Kebakaran Hanguskan Dapur Pesantren dan Sebagian Rumah di Ciandam Kota Sukabumi

PERISTIWA
Spread the love

Lingkarpena.id, SUKABUMI KOTA – Kebakaran menghanguskan bangunan dapur pesantren dan sebagian rumah di jalan Parahita, Kelurahan Cibereum Hilir, Kecamatan Cibereum, Kota Sukabumi, Rabu (13/10/2021) sore.
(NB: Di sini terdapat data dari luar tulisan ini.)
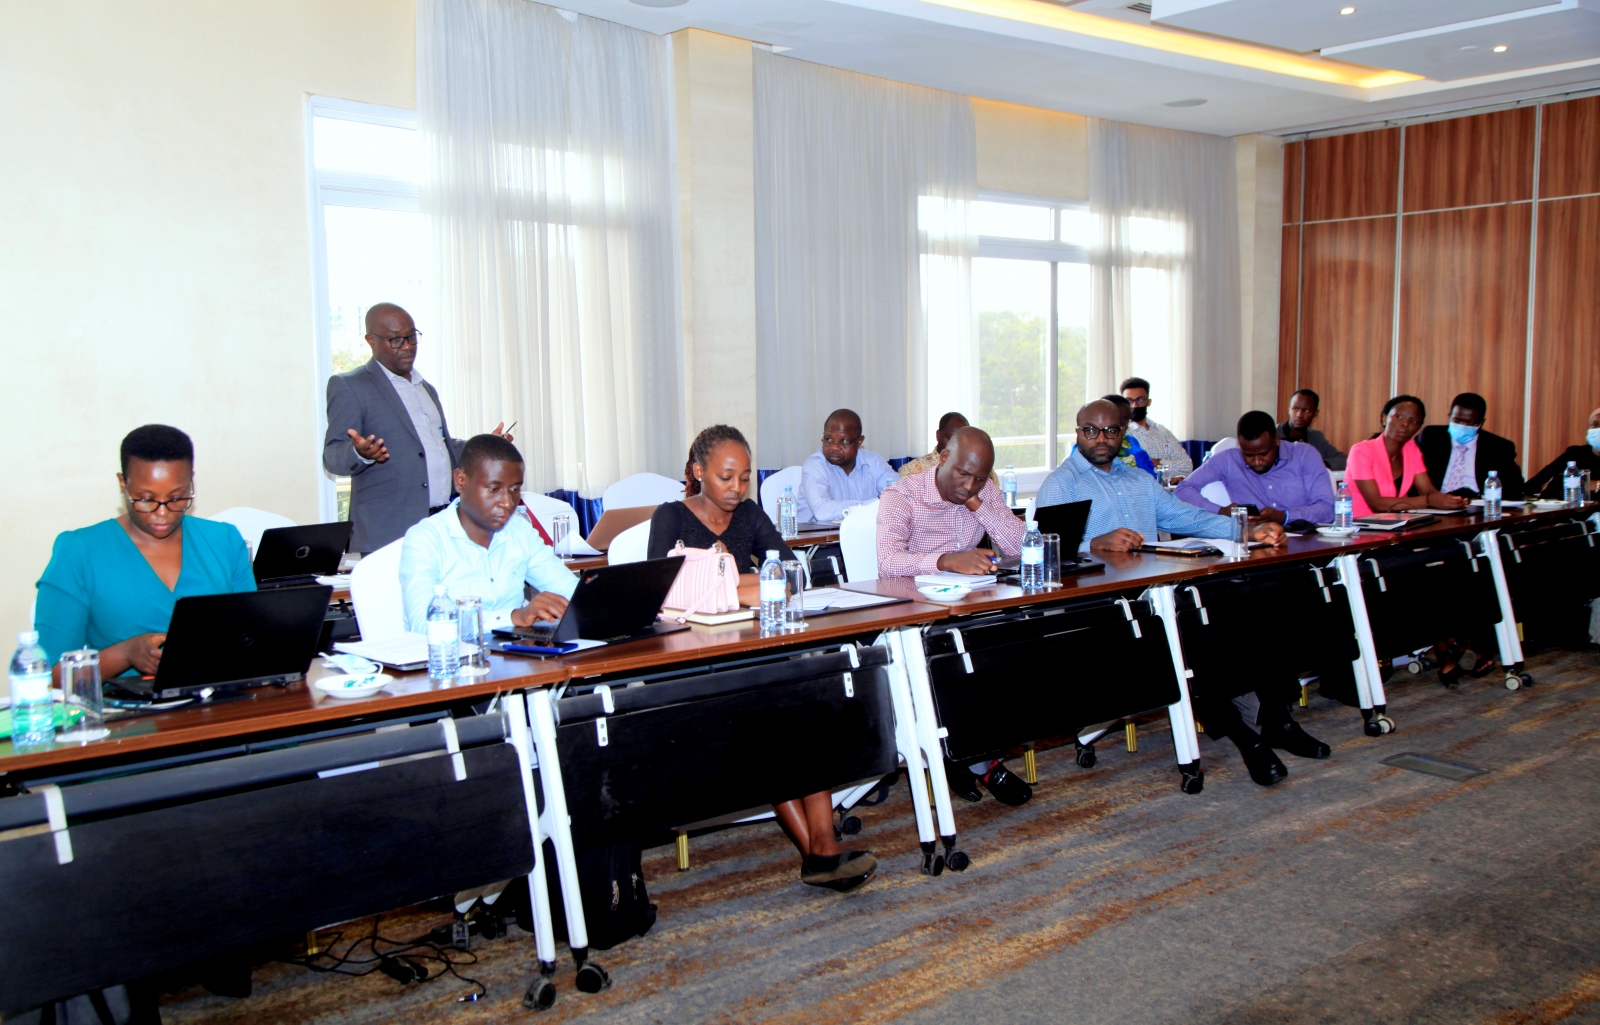 Dr. Revocatus Twinomuhangi, Senior Lecturer and Coordinator of the Makerere University Centre for Climate Change Research and Innovation-MUCCRI (Standing) addresses participants during the Consultation Meeting on 30th June 2022, Golden Tulip Cannan Hotel, Kampala.

Peristiwa kebakaran terjadi sekitar pukul 16:40 WIB. Kebakaran diduga dari sisa pembakaran sampah yang berada di dekat dapur Pesantren lalu merembet dan membakar dapur hingga ludes.

Dapur yang terbakar dengan luas area 20×10 meter merupakan milik Pesantren Attohiriyah milik Aa Komar di Jalan Parahita RT 04/02 Kelurahan Cibereum Hilir. Selain dapur pesantren api juga membakar sebagian rumah milik Dede Miftah, yang dihuni oleh dua Kepala Keluarga (KK).

Baca juga:
Diduga Powerbank Meledak, Rumah di Cidolog Ludes Terbakar

“Kami mendapatkan laporan kebakaran sekitar pukul 16:40 WIB dan tiba di lokasi sekitar pukul 16:55 WIB. Selesai pemadaman diperkirakan jam 17:13 menit, api sudah padam,” kata Kepala Bidang Damkar dan Penyelamatan Kota Sukabumi Sudrajat, kepada awak media.

Sedikitnya 3 unit kendaraan pemadam kebakaran diluncurkan guna memadamkan api yang membakar dapur pesantren dan rumah yang ada di dekat lokasi kebakaran tersebut. Alhasil tim Regu Bravo, Regu Alpha, Regu Charlie, dibantu pihak BPBD, PMI, serta Petugas dari aparat setempat dapat menjinakkan api dengan cepat.

“Beruntung sebelumnya ada yang melihat kejadian kebakaran sehingga api dapat diketahui dengan cepat dan dikendalikan oleh masyarakat melalui pemadaman dengan alat seadanya,” terang Sudrajat dalam keterangannya.

Baca juga:
Mess Perkebunan Karet PTPN Cijaksi Kebakaran, Damkar Surade Terjunkan 2 Unit Pemadam

Atas kebakaran Pesantren mengalami kerugian material yang cukup besar. Namun, bersyukur aset senilai 127 juta masih terselamatkan dari amukan api.

“Nilai aset kerugian yang dialami terbakarnya dapur pesantren sekitar 30 juta rupiah dan untuk rumah Dede Miftah, di angka 3 jutaan. Alhamdulillah tidak ada korban jiwa dalam insiden kebakaran itu,” terang Sudrajat.